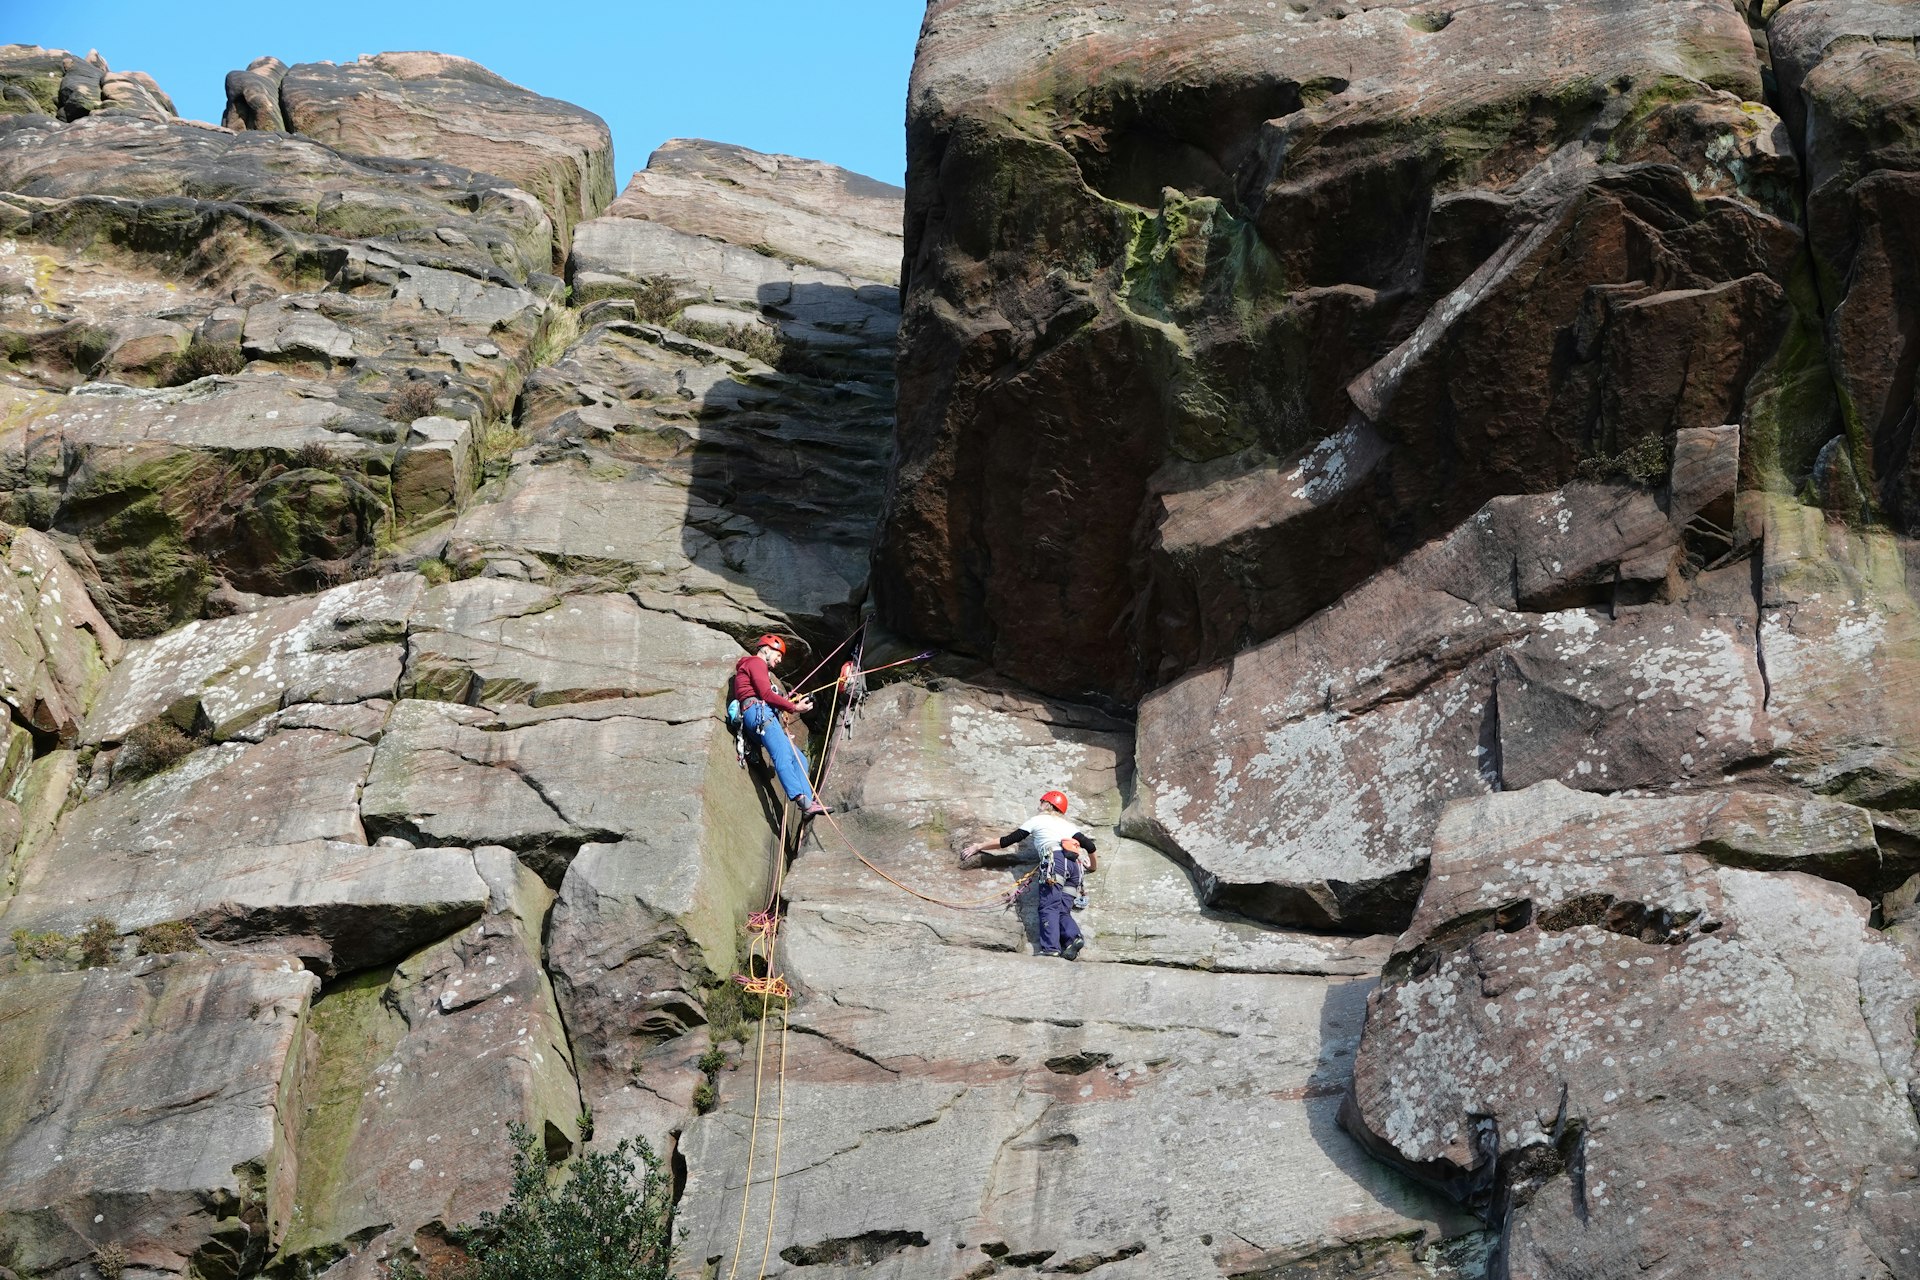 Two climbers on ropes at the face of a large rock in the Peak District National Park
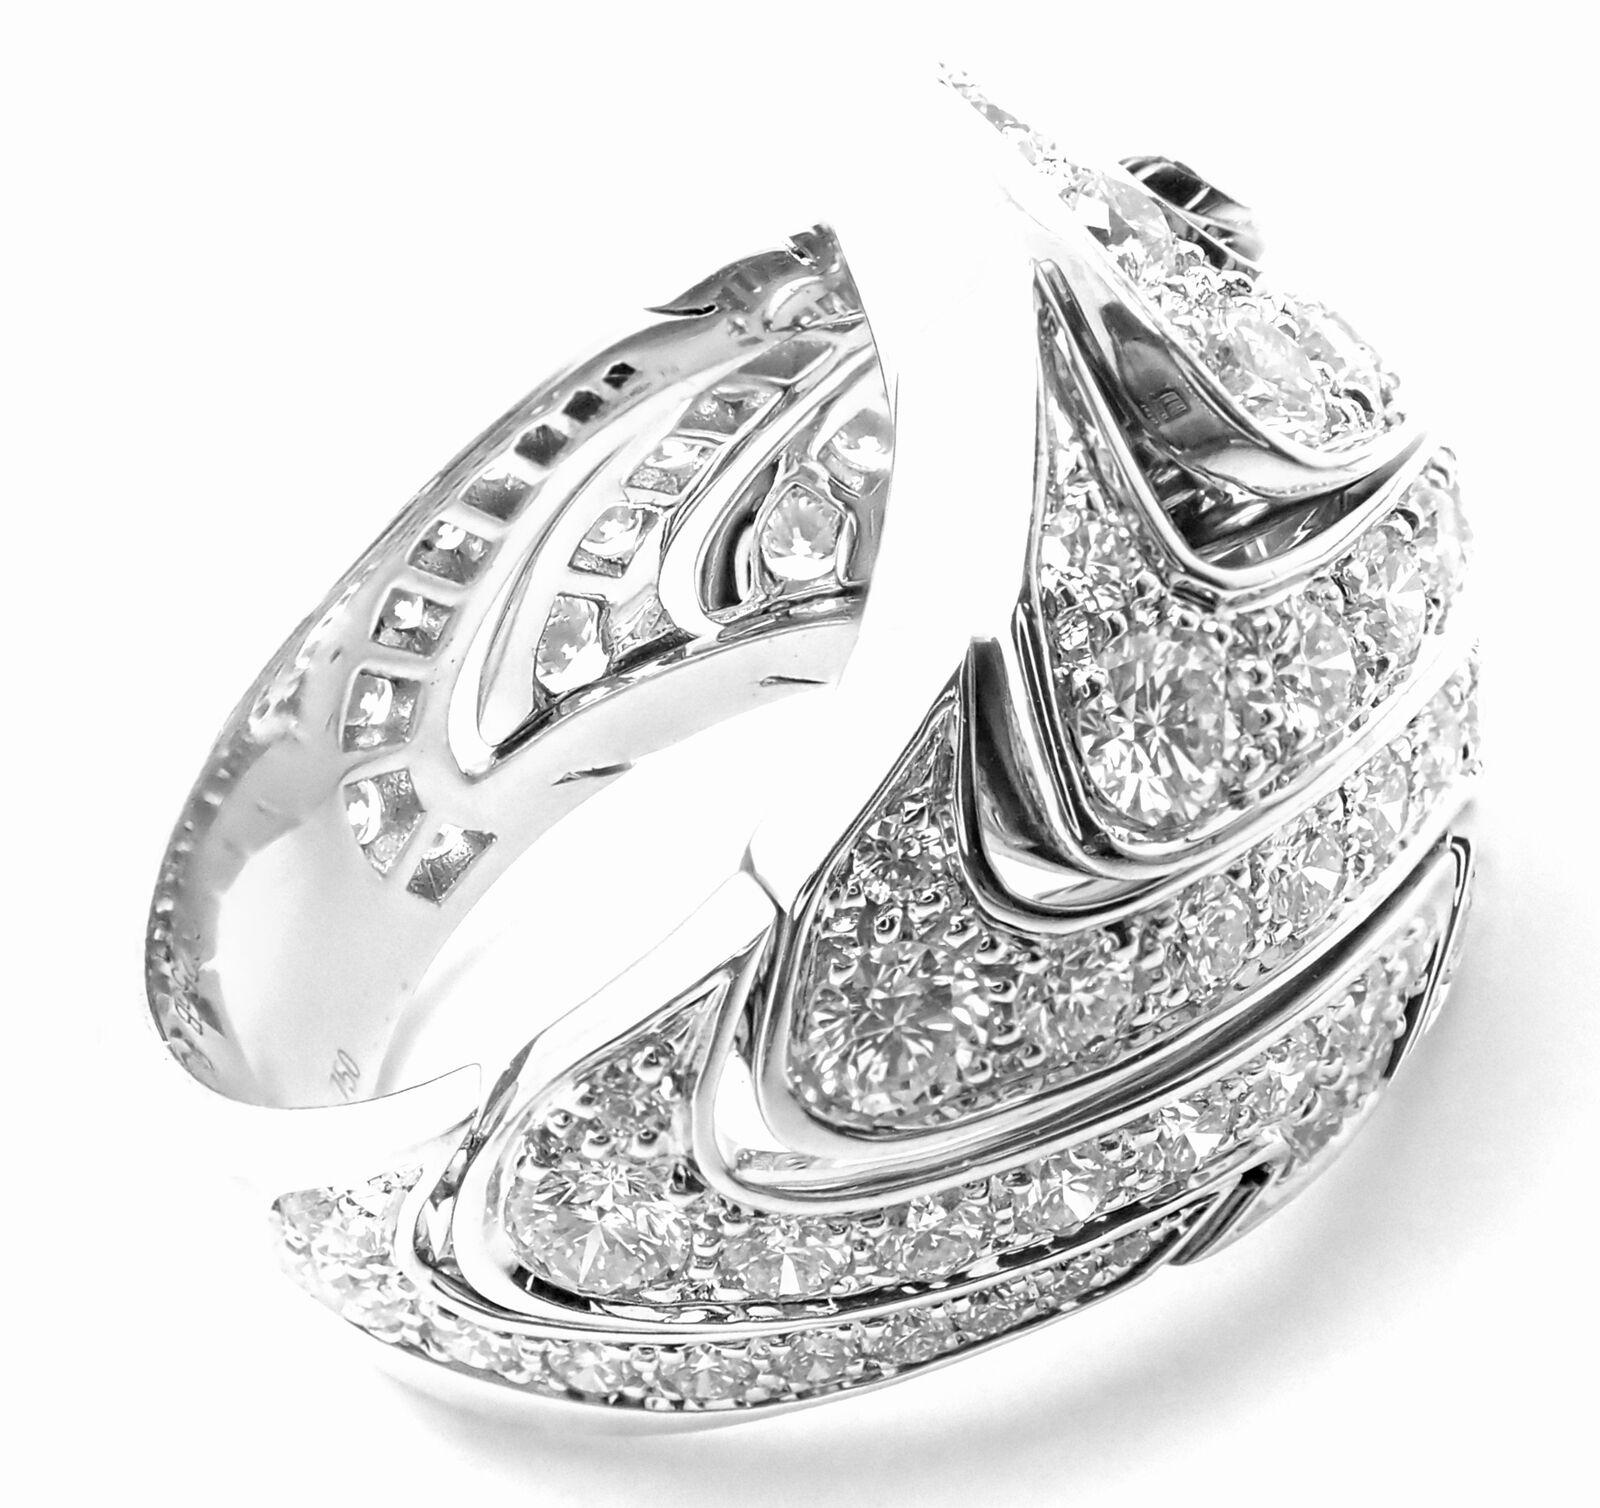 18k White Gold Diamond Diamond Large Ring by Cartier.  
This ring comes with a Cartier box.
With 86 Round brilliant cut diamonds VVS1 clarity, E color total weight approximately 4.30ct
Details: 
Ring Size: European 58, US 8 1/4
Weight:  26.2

Prompt: An exact copy is needed of the closing lines of the entries above, counting from the one that contains "With 86 Round" and including it and the last.

Response below:
With 86 Round brilliant cut diamonds VVS1 clarity, E color total weight approximately 4.30ct
Details: 
Ring Size: European 58, US 8 1/4
Weight:  26.2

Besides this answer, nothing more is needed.